EagleRider
- Founded: 1992 in Los Angeles, California
- Founder: Chris McIntyre; Peter Wurmer; Jeffrey Brown;
- Key people: Sebastian Schoepe (CEO), Chris McIntyre (Co-Founder), Jeffrey Brown (Co-Founder)
- Website: www.eaglerider.com

= EagleRider =

EagleRider (EagleRider, Inc) is an American motorcycle rental and tour company. It carries lines of motorcycles including Harley-Davidson, Indian, BMW, Honda, Yamaha and more for rent and touring. The company operates from over 200 worldwide locations, leads over 100 guided and self-drive motorcycle tours including Route 66 and the Wild West, and offers one-way motorcycle rentals, luggage storage, free parking, and membership benefits. EagleRider is headquartered in Los Angeles, California.

==History==

EagleRider was founded in 1992 by motorcycle enthusiasts Chris McIntyre, Jeffrey Brown, Peter Wurmer, and Robert Pitts. The company started with four self-purchased Harley-Davidsons, and operated out of Wurmer's garage in San Pedro, California. The company's first rental took place in 1994, with four riders from Austria, and it now provides rentals and tours in over 30 countries.

In 1997, EagleRider began franchising and opened its first international franchise in 2001. Between 2010 and 2013, EagleRider was ranked in Entrepreneur Franchise 500 three times (#309 in 2010, #202 in 2011, and #446 in 2013). In the early 2000s, EagleRider had introduced its most popular motorcycle tour through U.S. Route 66, and by 2013 had added tours in Mexico, New Zealand, Australia, the United Kingdom, and throughout Europe. In 2012, EagleRider began selling its fleet of used motorcycles, and motorcycle parts and accessories.
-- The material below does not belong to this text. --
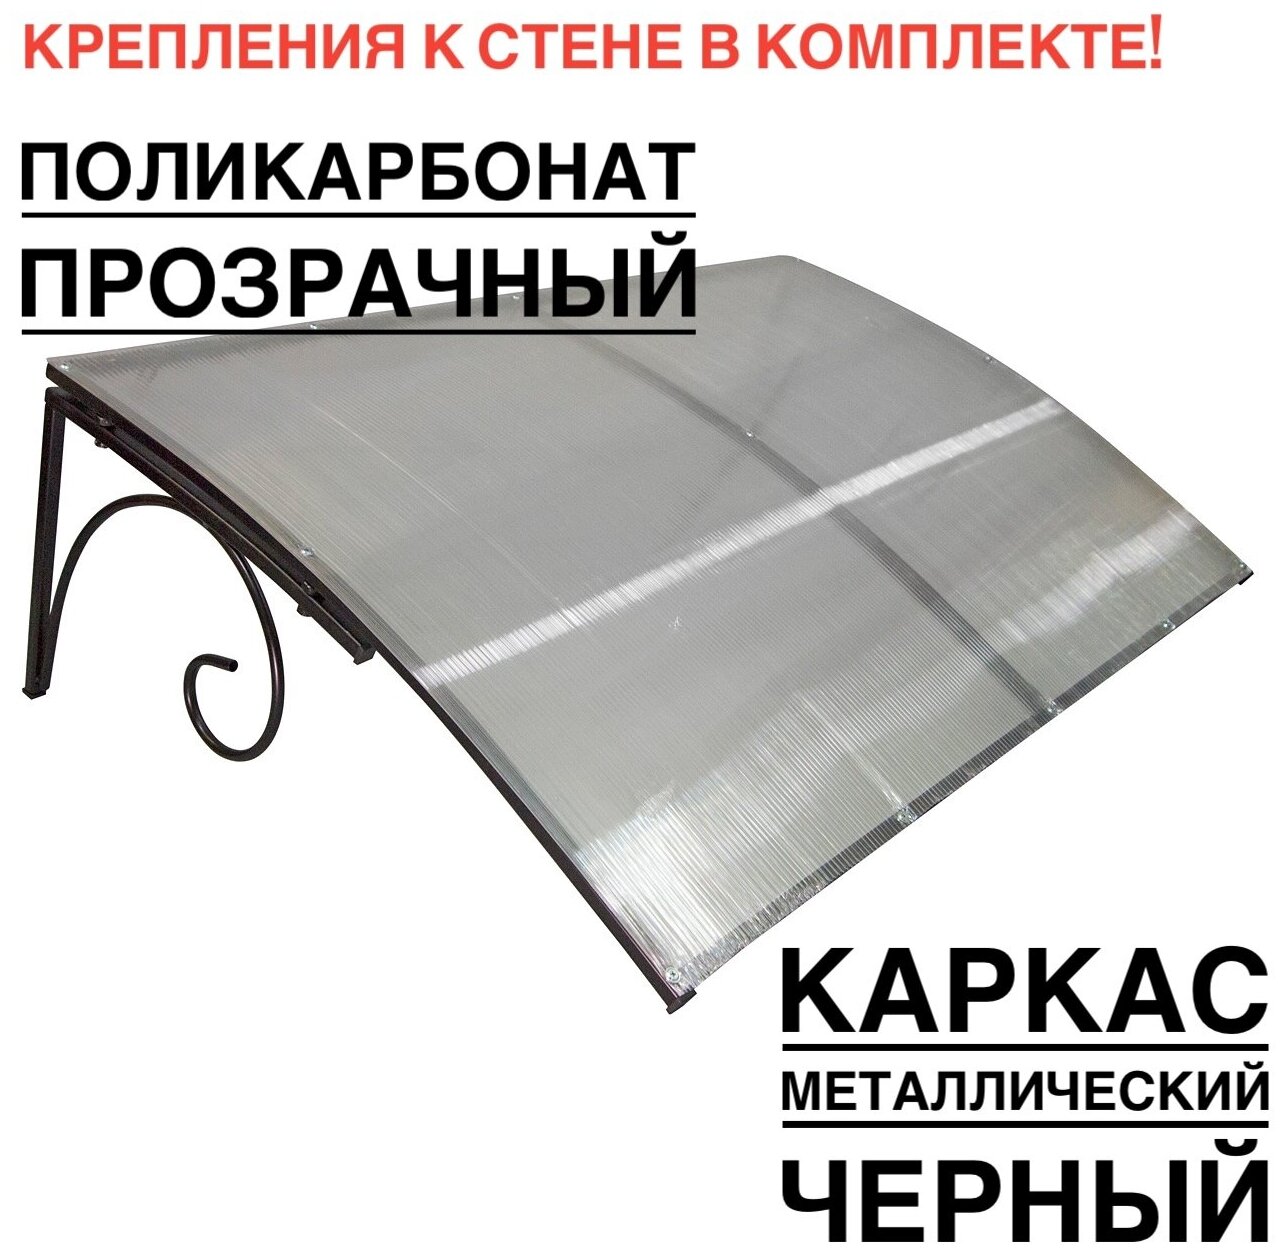 Козырек металлический над входной дверью ArtCore YS20 черный с прозрачным поликарбонатом, 115х80х37 см — купить в интернет-магазине по низкой цене на Яндекс Маркете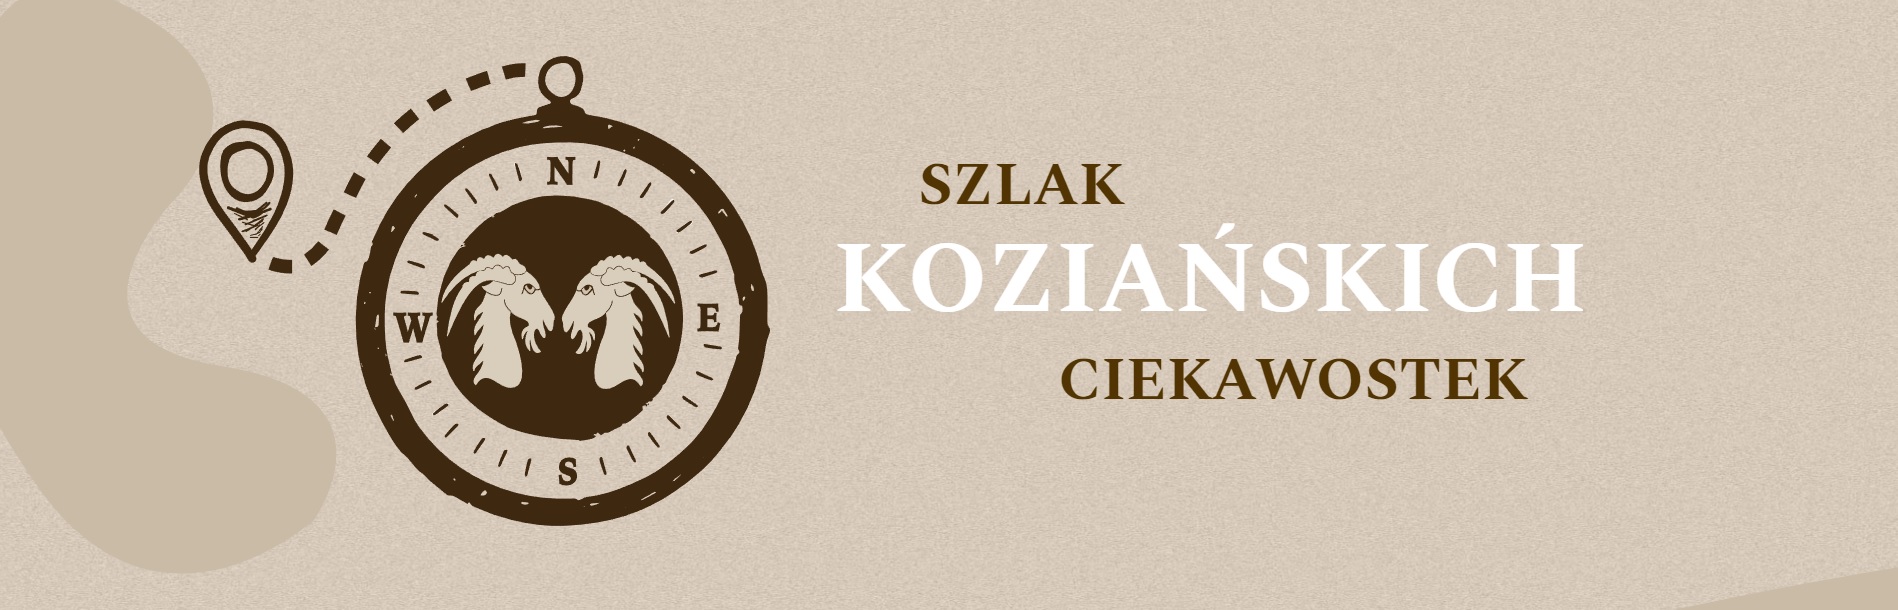 Szlak Koziańskich Ciekawostek logo

In 2013 (December 1, 2013) EagleRider opened its first Master Franchise in Australia with FineDays Pty Ltd and owners Will and Santina Keith. EagleRider Australia began with one Sydney location and 12 Harley-Davidson motorcycles and has grown to include locations in Brisbane, Melbourne, Noosa, Launceston and Adelaide.

In 2017, EagleRider and Harley-Davidson Motor Company announced that they had entered into an exclusive alliance. One benefit to this agreement was an expanded network of participating EagleRider locations which would allow renters to pick up a motorcycle at one location and drop it off at another.

==Competition==

In 2018, Chicago-based Twisted Road and Los Angeles-based Riders Share started offering peer-to-peer motorcycle rentals on a national basis. In Europe main competitors are Hertz motorcycle rental and BikesBooking.